IBM veut industrialiser la détection des défauts de l’AI
Ce service se repose sur une série d’algorithmes open source qui identifie et score les biais des modèles d’intelligence artificielles et permet de les corriger. Il rend explicable l’inexplicable…de façon industrialisée.
Une tour de contrôle algorithmique. C’est ainsi que pourrait être présenté IBM AI Trust and Transparency, un service que Big Blue a fait atterrir la semaine dernière sur son cloud. Ce service, qui prendra à terme le nom officiel d’AI OpenScale au catalogue du groupe, vise à restaurer la confiance des entreprises en l’intelligence artificielle afin d’en accélérer les usages et l’intégration dans les SI des entreprises. En somme, il s’agit là d’en finir avec ces « boîtes noires », comme l’indique lui-même IBM. Ces boîtes noires sont les modèles d’AI développés à partir de technologies telles que Watson, AzureML, AWS SageMaker ou encore SparkML (open source) et Tensorflow (open source).

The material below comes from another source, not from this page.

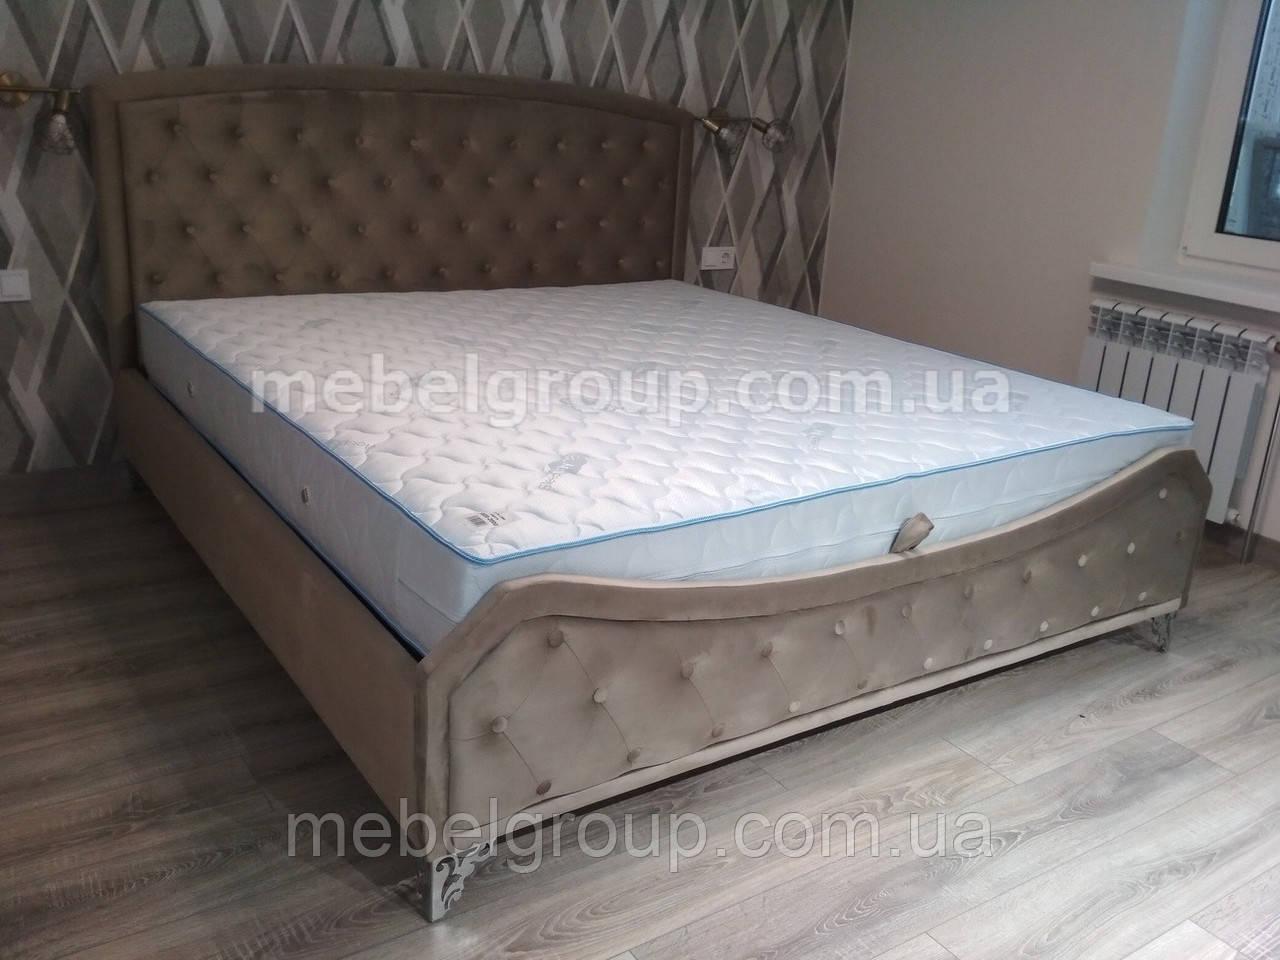 Кровать Саманта 180*200 с механизмом

Car aujourd’hui, l’intelligence artificielle, et l’ensemble des technologies qui peuplent ce concept (Cognitif, Machine Learning, Deep Learning) font plutôt douter les entreprises. Selon les chiffres d’IBM, si, certes, elles sont 94 % à penser que l’AI est importante pour leur avenir, elles ne sont que 35 % à avoir confiance dans les indicateurs que leur remontent ces opaques AI. Doute et méfiance sont donc encore bien ancrés dans plus de 60 % d’entre elles. Ce qu’IBM considère bien comme un frein et « une barrière » à l’usage de l’intelligence artificielle - et de Watson - , indique Jean-Philippe Desbiolles, vice-président Watson pour la France.
Evidemment, l’opacité de la mécanique AI n’est pas nouvelle. Mais jusqu’alors, le travail qui consistait à décortiquer les prises de décision issues de l’AI étaient manuelles et donc artisanales, confie le responsable. Il faut également comprendre qu’elles étaient difficilement applicables. Mais pour passer l’AI à l’échelle, il convient d’industrialiser ces processus, poursuit-il.
Là est la démarche d’IBM avec ce service. Concrètement, celui-ci apporte outillage et méthode de data science pour observer le chemin emprunté par les données, embarquées dans les moulinettes algorithmiques. Il permet d’abord d’expliquer en temps réel les modèles en place pour comprendre comment les décisions ont été prises. Puis - et là est la clé du service -, ce service détecte les « biais » en temps réel, souligne Jean-Philippe Desbiolles, et émet des recommandations pour justement les minimiser. « Ces biais sont qualifiés, scorés et des solutions pour résoudre le problèmes sont proposées. »
« On identifie le biais et on identifie les données qui posent problème », ajoute-t-il. Cela est réalisé via un modèle statistique. Le biais en question peut par exemple porter sur une sur- ou sous-représentation d’une population. Le service explique comment l’AI est arrivée à cette décision, affiche les critères pris en compte et identifie les éventuels écarts qui « ne sont pas statistiquement justifiables ». Les résultats de ces analyses sont ensuite livrés sous la forme de tableaux de bord pour permettre aux métiers de les utiliser. Ces tableaux de bord permettent également de contrôler la bonne santé de l’ensemble en observant par exemple les performances de l’exécution des modèles.
Ce n’est pas une boîte noire qui analyse une autre boîte noire
Des algorithmes qui en observent d’autres en somme ? Oui, mais ceux qui observent et sont donc à la base des moteurs d’AI OpenScale (AI Trust and Transparency), font justement partie d’une série d’outils algorithmiques et de bibliothèques développés par IBM Research et versés à la communauté open source sous le nom de AI Fairness 360. Cette boîte à outils est également composée de bonnes pratiques et de tutoriels à destination du monde académique, scientifique et de la data science. L’idée est de leur permettre d’intégrer, dès la conception des modèles d’AI, cette notion de détection de biais, résume Big Blue.
IBM s’y appuie donc pour son service cloud AI OpenScale qui vient livrer ce degré de services, de BI et d’industrialisation pour au final, rendre consommable cette détection des biais.